ラボートの地方名で呼ぶアルデンヌ県では、生地で作った耳やレーズンの目で飾り付けて、ウサギの顔に見立てた形に作って焼くこともある。
【カンノーロ】
「カンノーロ」は、イタリアのペストリー菓子である。「カンノーロ」の発祥地はシチリア島であり、シチリアの菓子の中でも最も有名なものの一つである。「カンノーロ」は現在一年中食べられるが、本来は謝肉祭を祝って作られる季節菓子である。イタリア系アメリカ人のデザートとしも大変人気が高い。
『語源』
「カンノーロ」の意味は「小さな筒」で、ラテン語のカンナ(canna)を語源としている。直訳すると〇〇だが、竹やサトウキビの茎の意味もある。ちなみに、かって「カンノーロ」を円筒状に調理するためにサトウキビの茎が多く利用されていた。現代でも、家庭内で「カンノーロ」を調理する際はサトウキビを利用する人もいるが、公共衛生観念からレストランや菓子店などの商業施設での使用は許可されていない。
『概要』
イタリアの「カンノーロ」は、小麦粉ベースの生地を薄く延ばし、正方形に切ってから金属製の円筒に巻き付けて低温の植物油かラードで筒状に揚げた皮の中に、甘みをつけたリコッタ・チーズにバニラ、チョコレート、ピスタチオ、マルサラ酒(シチリア地方のワイン)、ローズウォーターやその他の風味のうち幾つかを混ぜ合わせたクリームを詰めたものである。
シチリア地方では羊乳製リコッタが使用されるが、その他の地方では牛乳製も使用される。

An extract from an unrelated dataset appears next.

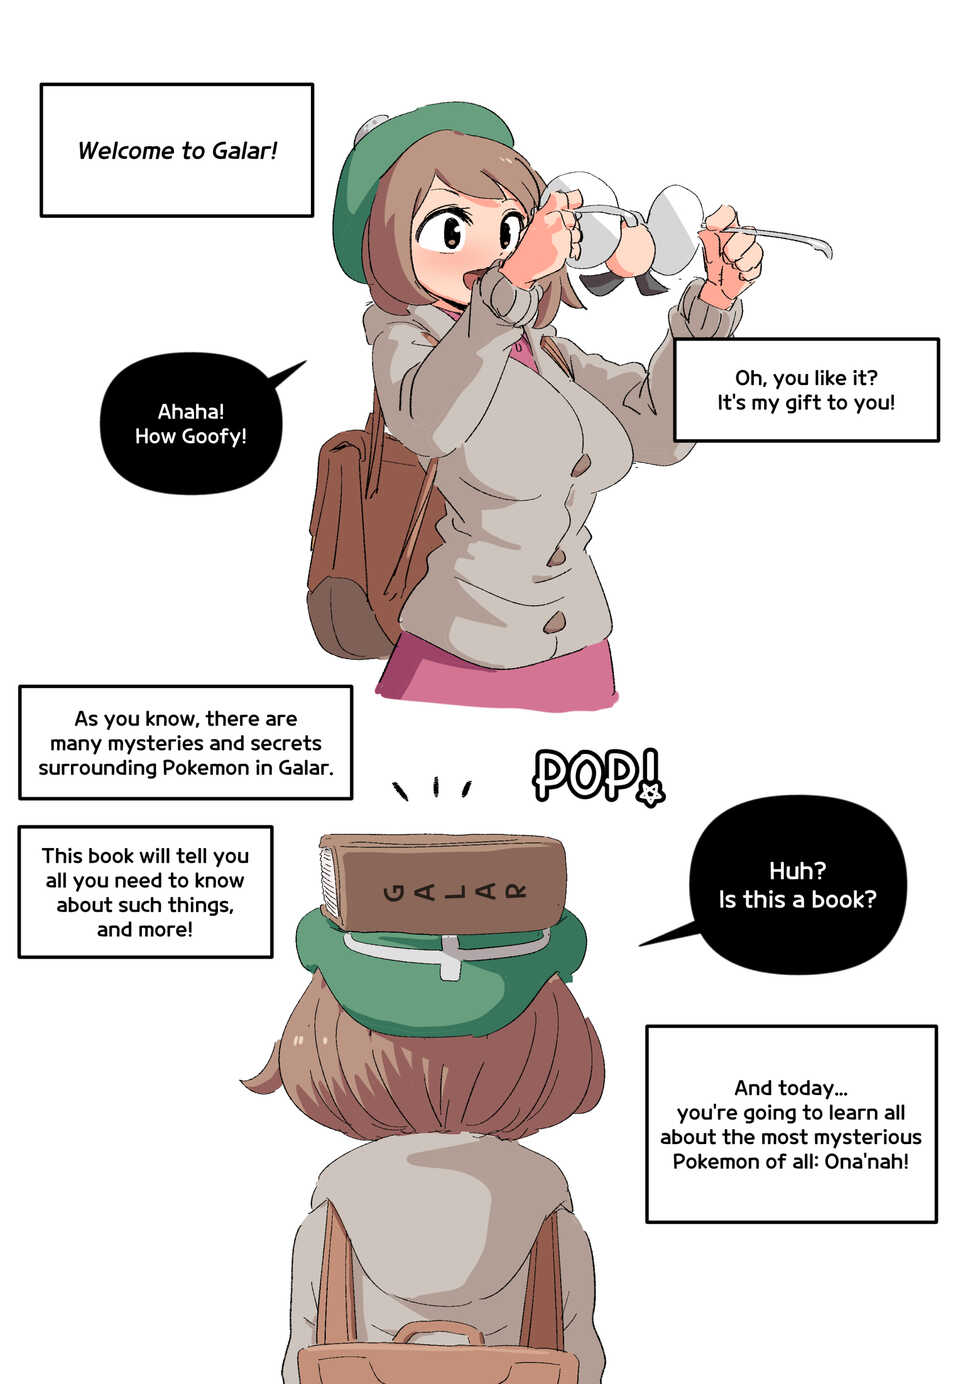 [Woomochichi] Introducing! Gallar's new Pokemon, Ona'nah! - Page 2

「カンノーロ」が元々季節菓子だったのも、冬の間羊乳の脂肪分などが増え、コクと旨味が増すからである。菓子職人によっては小さく切った果物の砂糖漬けやズッカータを、クリームに混ぜたり両端を飾ったりする。シチリア地方以外ではリコッタではなくカスタードクリームを使用する菓子職人もいる。

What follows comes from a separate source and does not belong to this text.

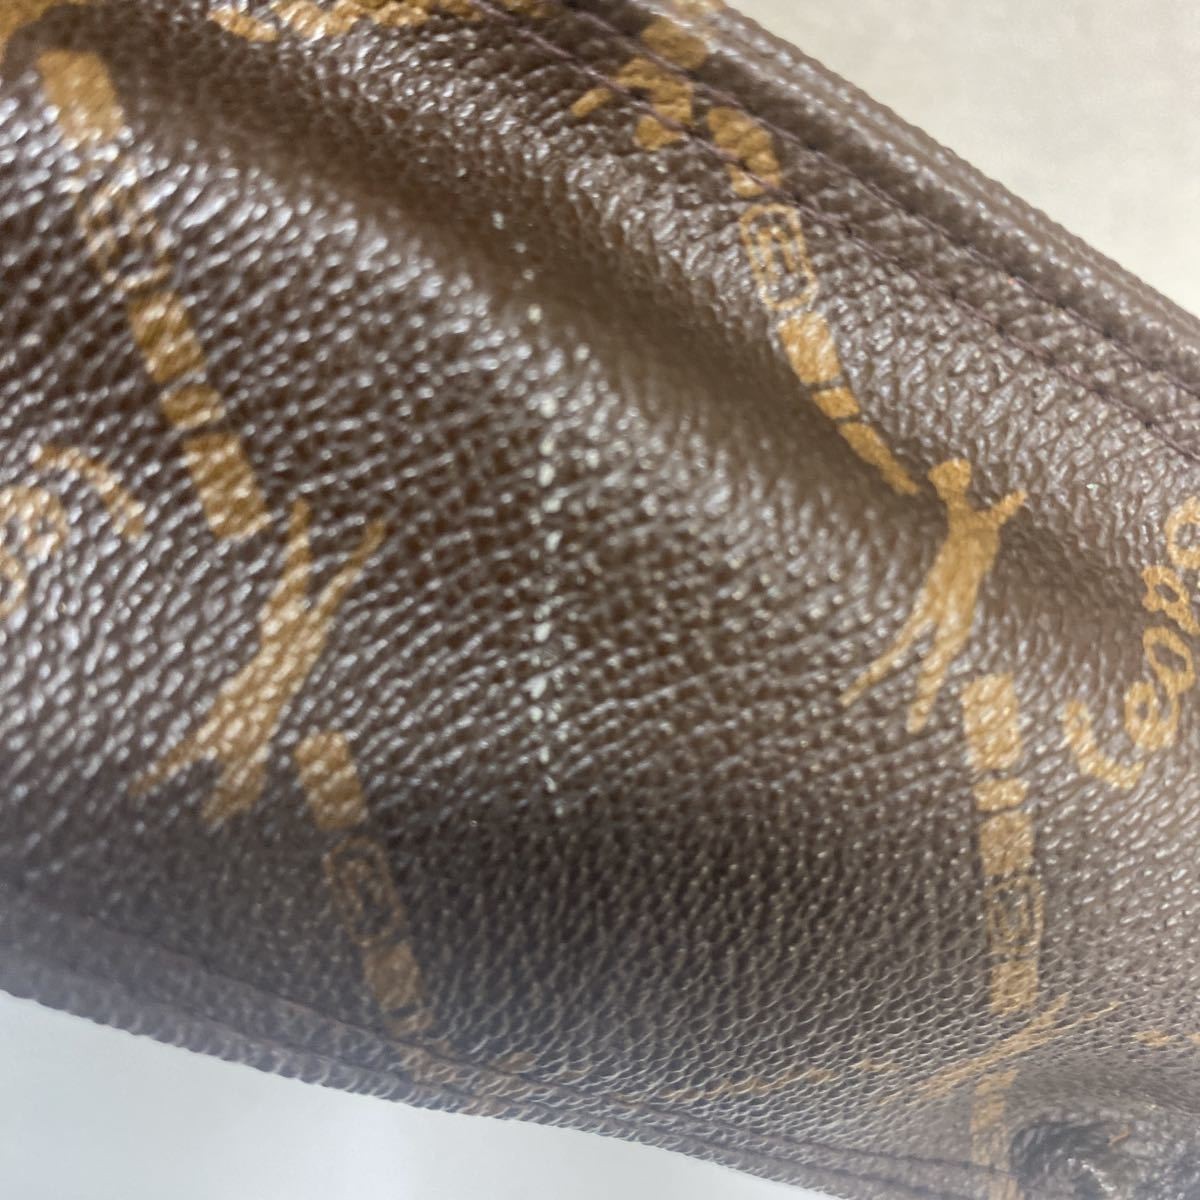  Leopard clutch Bag * free shipping

皮の生地には砂糖、塩、重曹、シナモン、卵黄、マルサラ酒、ラードが入り、ココアを混ぜてチョコレート味にすることもある。
「カンノーロ」の大きさは様々で、指よりも細い「カンヌーリッキ」から、シチリア島パレルモの南にビアーナ・デッリ・アルバネージ特産の拳サイズのものまで見受けられる。
クリームを詰めると皮が水分を吸って湿ってしまうため、大きさに関係なく、食べる直前まで待ってから皮にクリームを包めた方が、クリームの柔らかさと皮のパリパリ感の対比を最大限に楽しむことが出来る。